A família da saudosa Preta Gil não baixou a guarda e segue firme na batalha por justiça. Mesmo depois que o padre Danilo César fechou um acordo na esfera criminal, os parentes de Gilberto Gil continuam com um processo civil pedindo uma indenização de R$ 370 mil por danos morais, além de uma retratação e reparação social. A briga legal começou por causa de declarações polêmicas do padre, que, em sua defesa, apontou "graves contradições" entre as posturas do religioso em diferentes momentos nos tribunais.
As palavras do padre que causaram a revolta.
Tudo começou em 27 de julho do ano passado, pouco depois da morte de Preta Gil. Durante uma missa transmitida ao vivo pela internet, na Paróquia de São José, na pequena cidade de Areial, na Paraíba, o padre Danilo César usou o púlpito de uma forma chocante. Em vez de consolar, ele zombou da morte da artista, que lutava contra um câncer colorretal e morreu nos Estados Unidos. Não parando por aí, o religioso atacou abertamente religiões de matriz afro-indígena.
Em um trecho que causou grande indignação, o padre disse:
"Gilberto Gil fez uma oração aos orixás, cadê esses orixás que não ressuscitaram Preta Gil? Já enterraram?".
A intolerância não ficou restrita aos comentários sobre Preta Gil. O padre também mirou nos fiéis da sua própria região que frequentavam terreiros em cidades vizinhas, como Puxinanã e Pocinhos, ambas na Paraíba. Ele se referiu à fé dessas pessoas como "coisas ocultas" e chegou a desejar que "o diabo levasse" quem praticasse tais crenças, completando que essas pessoas deveriam acordar "com calor no inferno".

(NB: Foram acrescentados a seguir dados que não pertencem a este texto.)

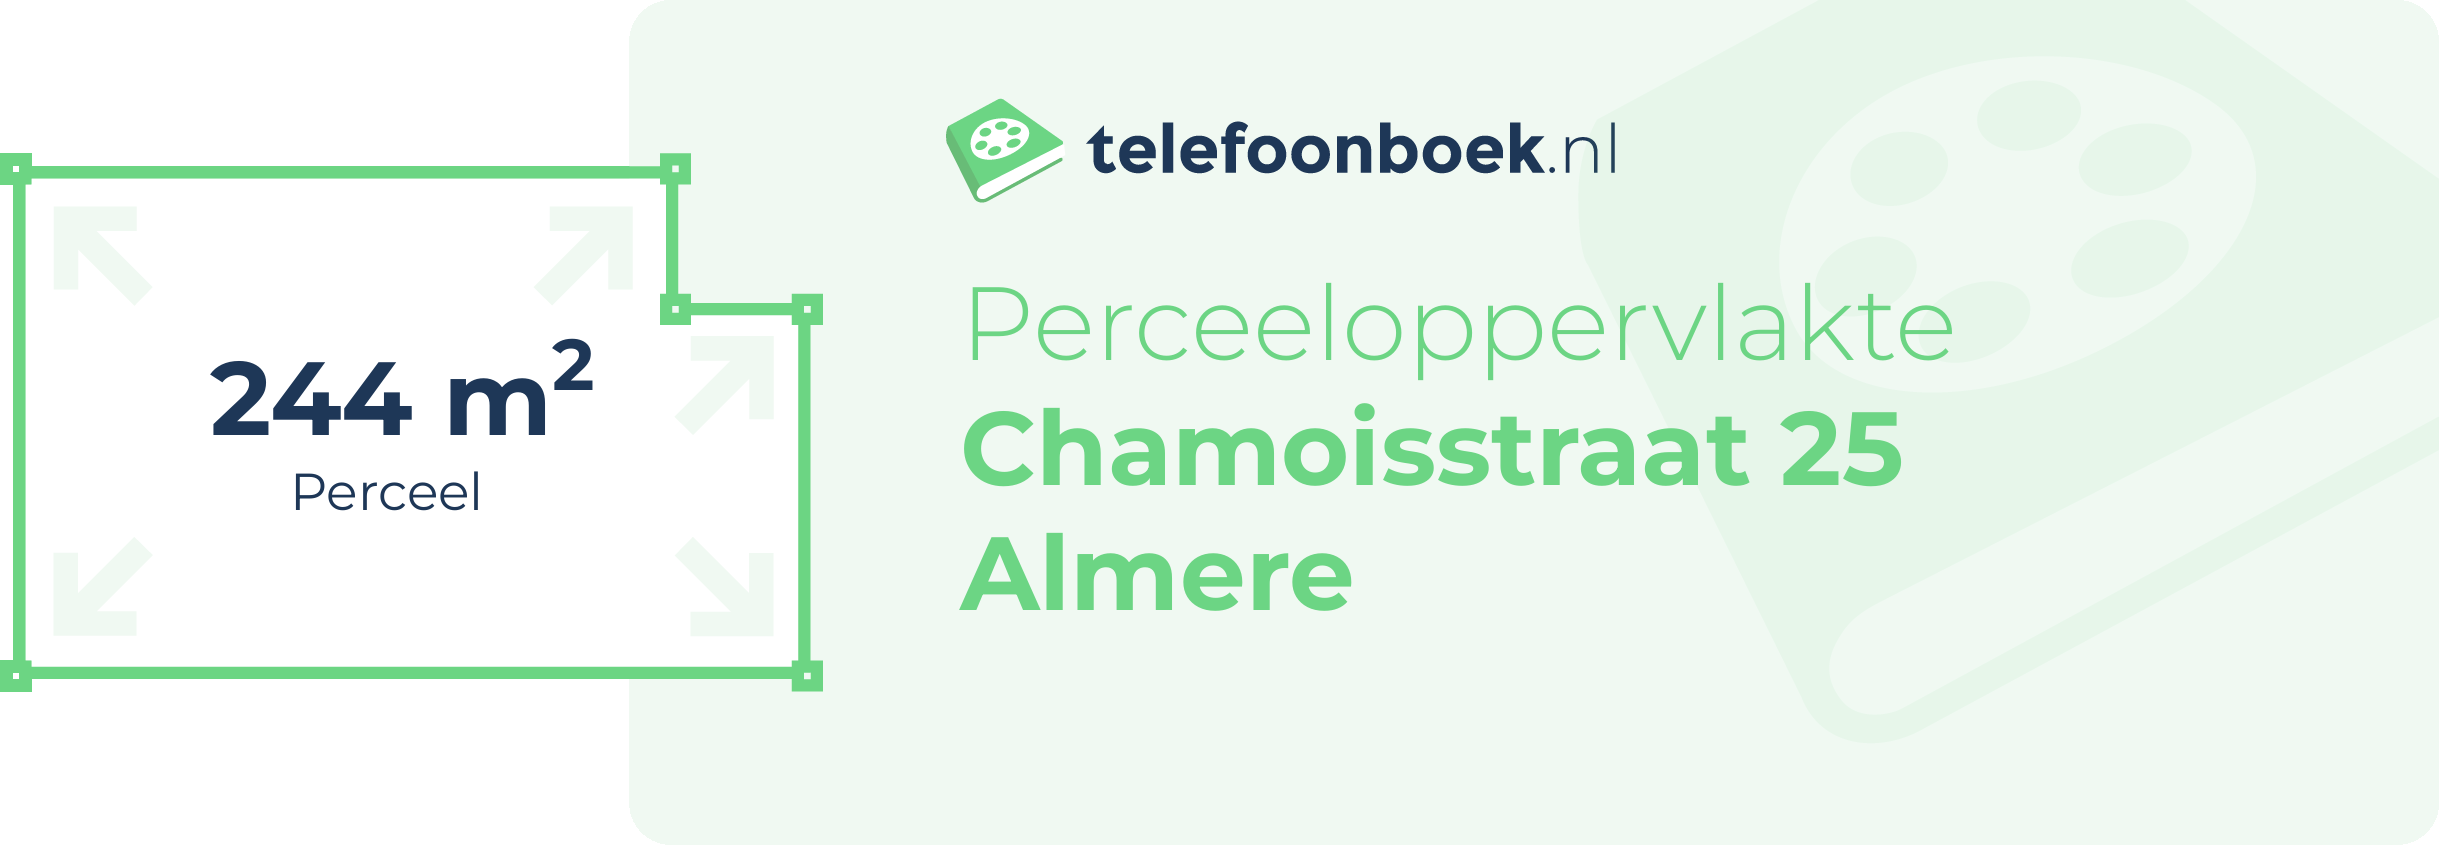 Perceeloppervlakte Chamoisstraat 25 Almere

O acordo na esfera criminal e o silêncio.
Para escapar de um julgamento criminal, o padre Danilo César assinou, em fevereiro deste ano, um Acordo de Não Persecução Penal (ANPP) com o Ministério Público Federal (MPF). Esse acordo estabeleceu uma série de medidas educativas, digamos assim.
- Ele teve que pagar uma multa de quase R$ 5 mil, destinada a uma entidade afrodescendente.
- Foi obrigado a cumprir 60 horas de cursos sobre combate à intolerância religiosa.
- A Justiça exigiu que ele escrevesse, à mão, resenhas de livros e documentários focados na cultura afro-brasileira e no racismo, com prazo de entrega até junho.
O acordo ainda incluía a participação do sacerdote em um ato inter-religioso, que contaria com a presença de familiares de Gilberto Gil. No entanto, durante o encontro, que aconteceu em 6 de fevereiro, o padre optou por manter um "silêncio absoluto", sem se manifestar.
A busca por reparação na Justiça Cível
Apesar do acordo criminal, a família de Preta Gil deixou claro que não vai recuar. Eles continuam firmes na ação civil, buscando não apenas a indenização financeira, mas também uma retratação pública e uma reparação social que considerem adequadas. A defesa da família aponta uma clara incoerência na postura do padre, que se calou em um momento crucial após ter sido tão veemente em suas ofensas.
A luta da família de Preta Gil vai além de um caso individual; ela destaca a importância de combater a intolerância religiosa e defender o respeito às diversas manifestações de fé em nosso país.